CRISPR Undergoes Dramatic Improvement by Guide Molecule Replacement
More than ever, we can view the genomes of humans and other organisms as drafts—not final and canonical texts, but rough copies to be tweaked and refined. Although scientists have been able to edit genomes for many decades, the tools were often cumbersome to work with, expensive to hire, or sloppy in their efforts. Eventhough CRISPR is far superior in comparison to its predecessors, scientists are racing to improve it even further.
“We’ve discovered a way to greatly improve the accuracy of gene-editing technology by replacing the natural guide molecule it uses with a synthetic one called a bridged nucleic acid, or BNA,” said Basil Hubbard, Canada Research Chair in Molecular Therapeutics and an assistant professor in the University of Alberta’s Department of Pharmacology, who led the study.
“It allows bacteria to store information about previous infections and then use it to seek out and destroy the DNA of new invaders by cutting it,” Hubbard explained.
“What researchers have realised is that this system can be programmed to cut a specific DNA sequence in a human cell also, allowing us to edit our genes. One of the main issues, however, is that the system is not perfectly specific — sometimes it cuts a similar but incorrect gene.”
“However, given that there are trillions of cells in the human body, even one percentage off is quite significant, especially because gene editing is permanent. One wrong cut and a patient could end up with a serious condition, like cancer.”

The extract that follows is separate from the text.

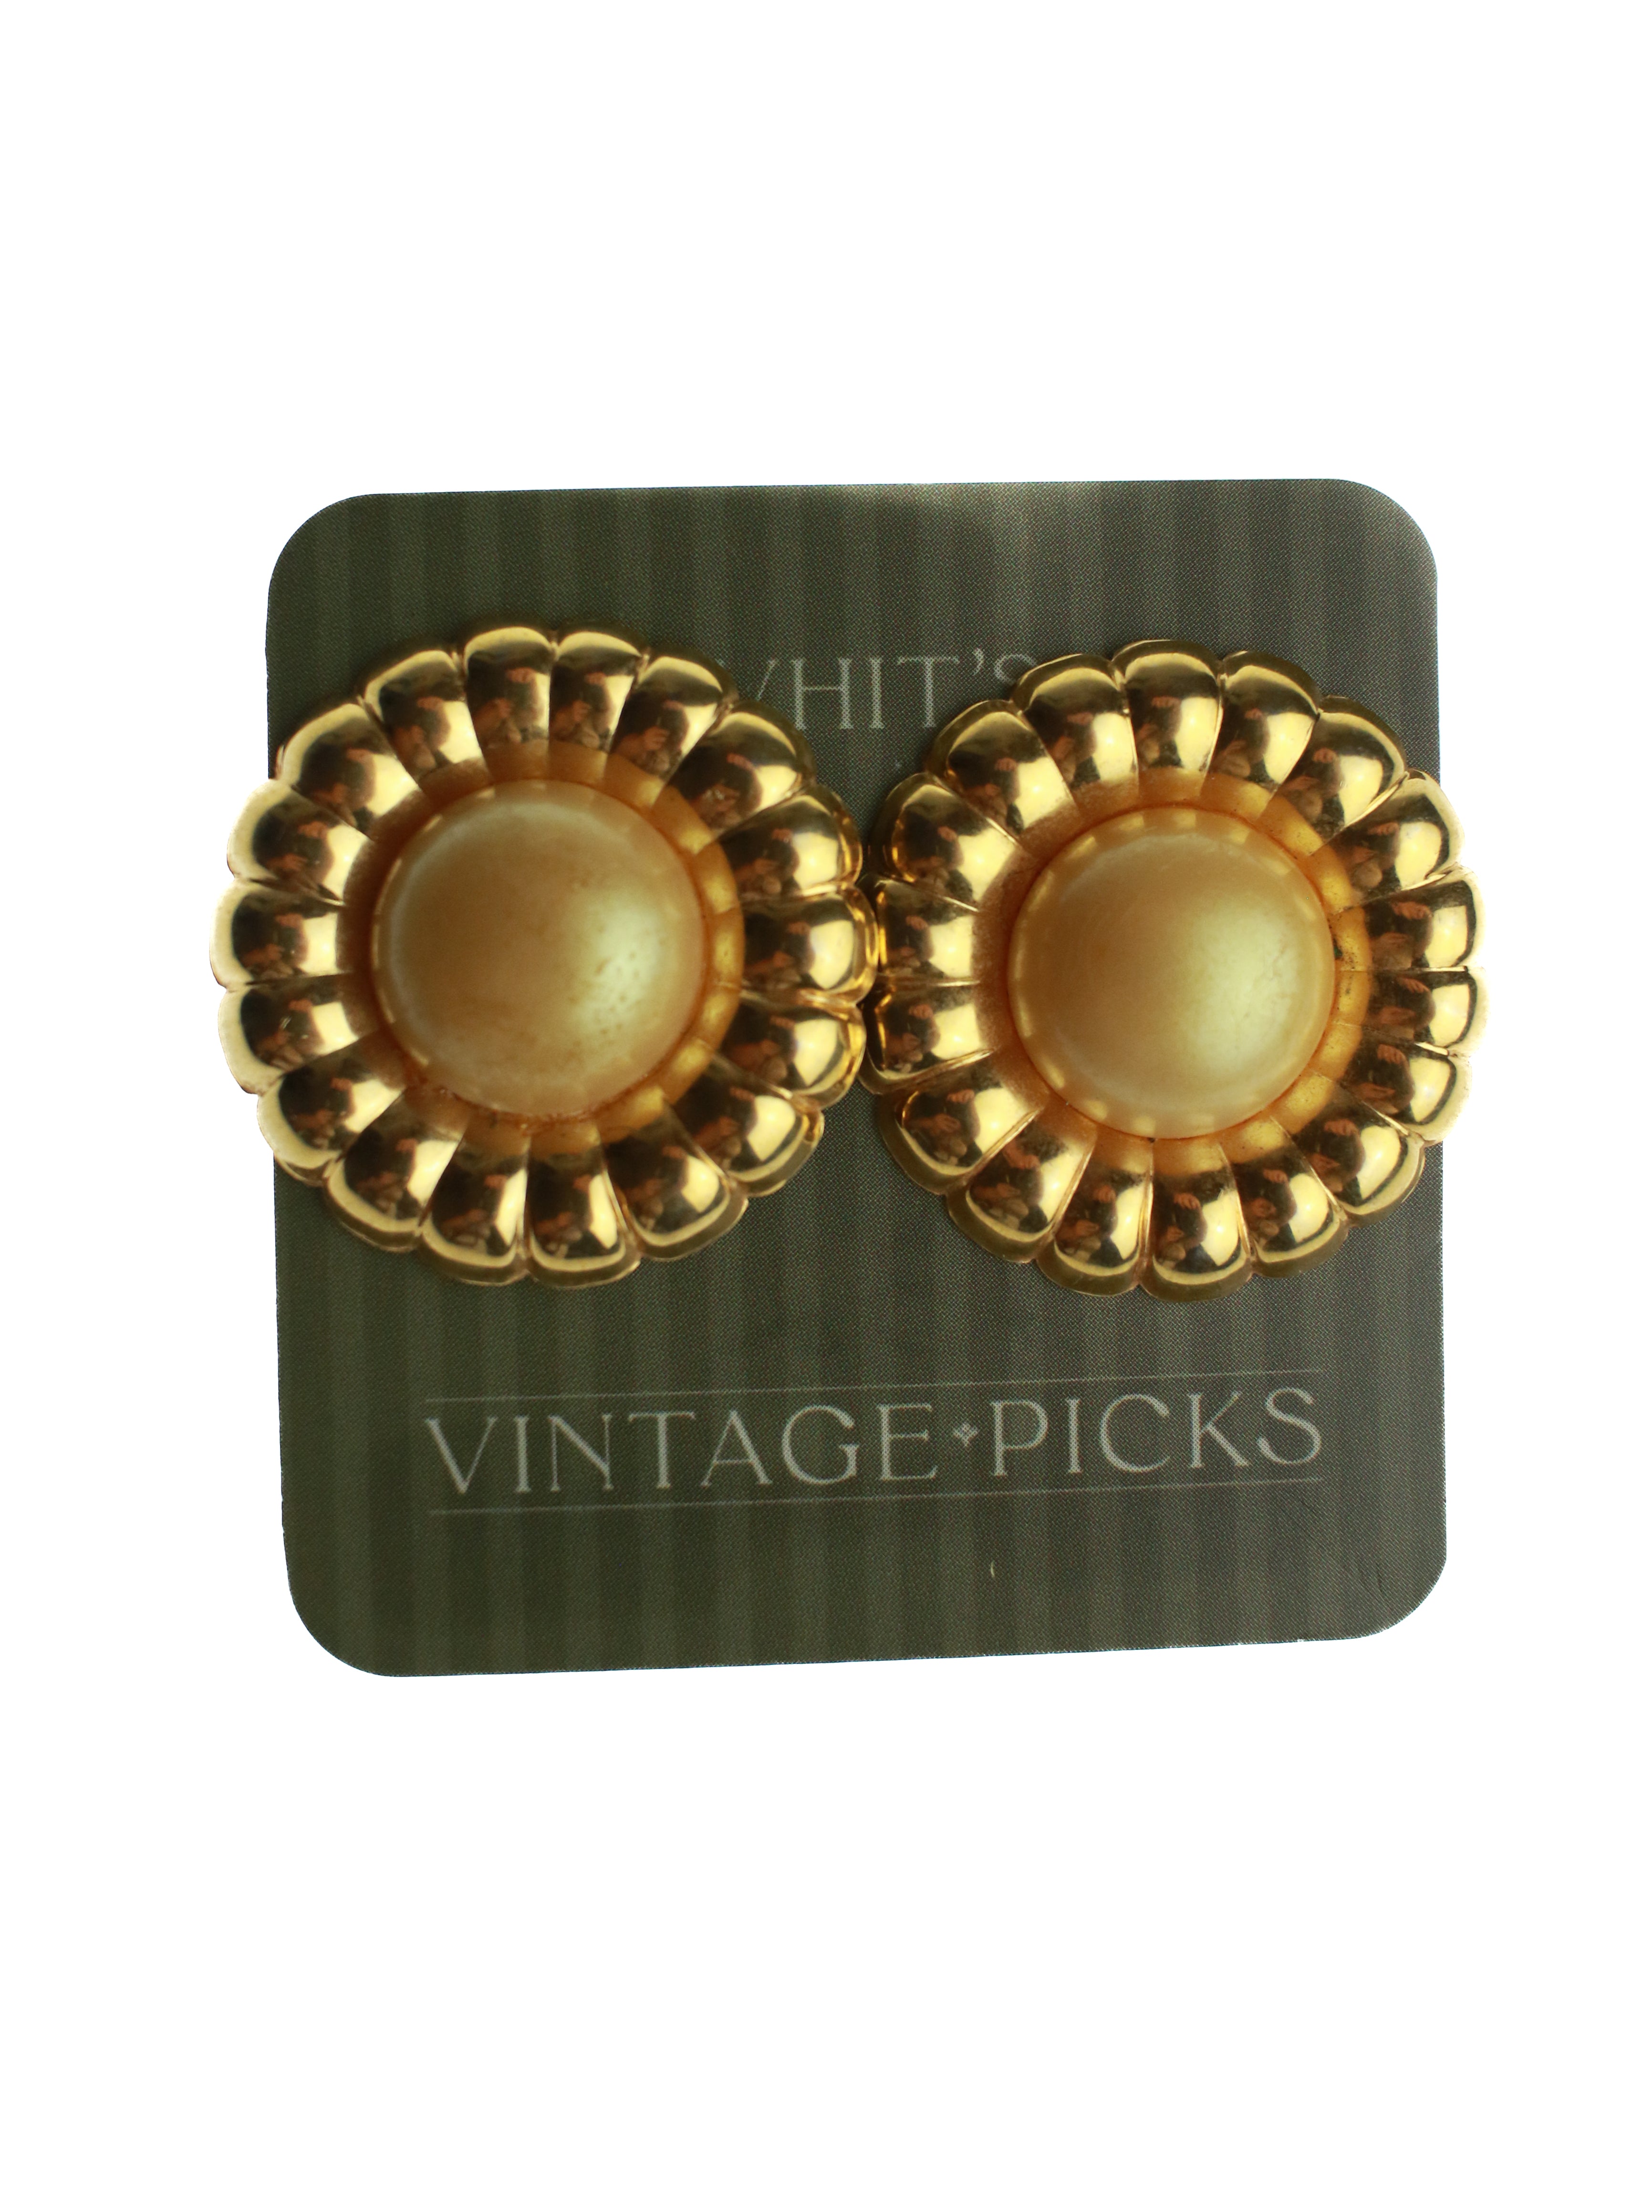 Whit's Vintage Picks- Earrings 132

The approach uses synthetic guide molecules known as bridged nucleic acids (BNAs) in place of the system’s native guide RNAs (gRNAs) to direct the Cas9 enzyme to its target DNA sequence, and so reduce off-target DNA cleavage. The Alberta team’s BNA guide molecule was more stable and stringent seeking the right DNA to cut.”Our research shows that the use of bridged nucleic acids to guide Cas9 can improve its specificity by over 10,000 times in certain instances – a dramatic improvement,” Hubbard said.
“Overall, these findings unveil a strategy for improving the specificity of the CRISPR-Cas9 system and illustrate the application of recently developed synthetic nucleic acid technologies to solving problems in enzyme specificity,” the researchers conclude. “We anticipate that these findings will directly contribute to the ongoing goal of improving the specificity and safety of genome-editing agents for a wide variety of experimental and clinical applications.…In addition to describing a robust technique for improving the precision of CRISPR/Cas9-based gene editing, this study illuminates an application of synthetic nucleic acids.”
Hubbard and his team have now filed a patent on their discovery and further hope to partner with the pharmaceutical industry to incorporate it into a therapeutic.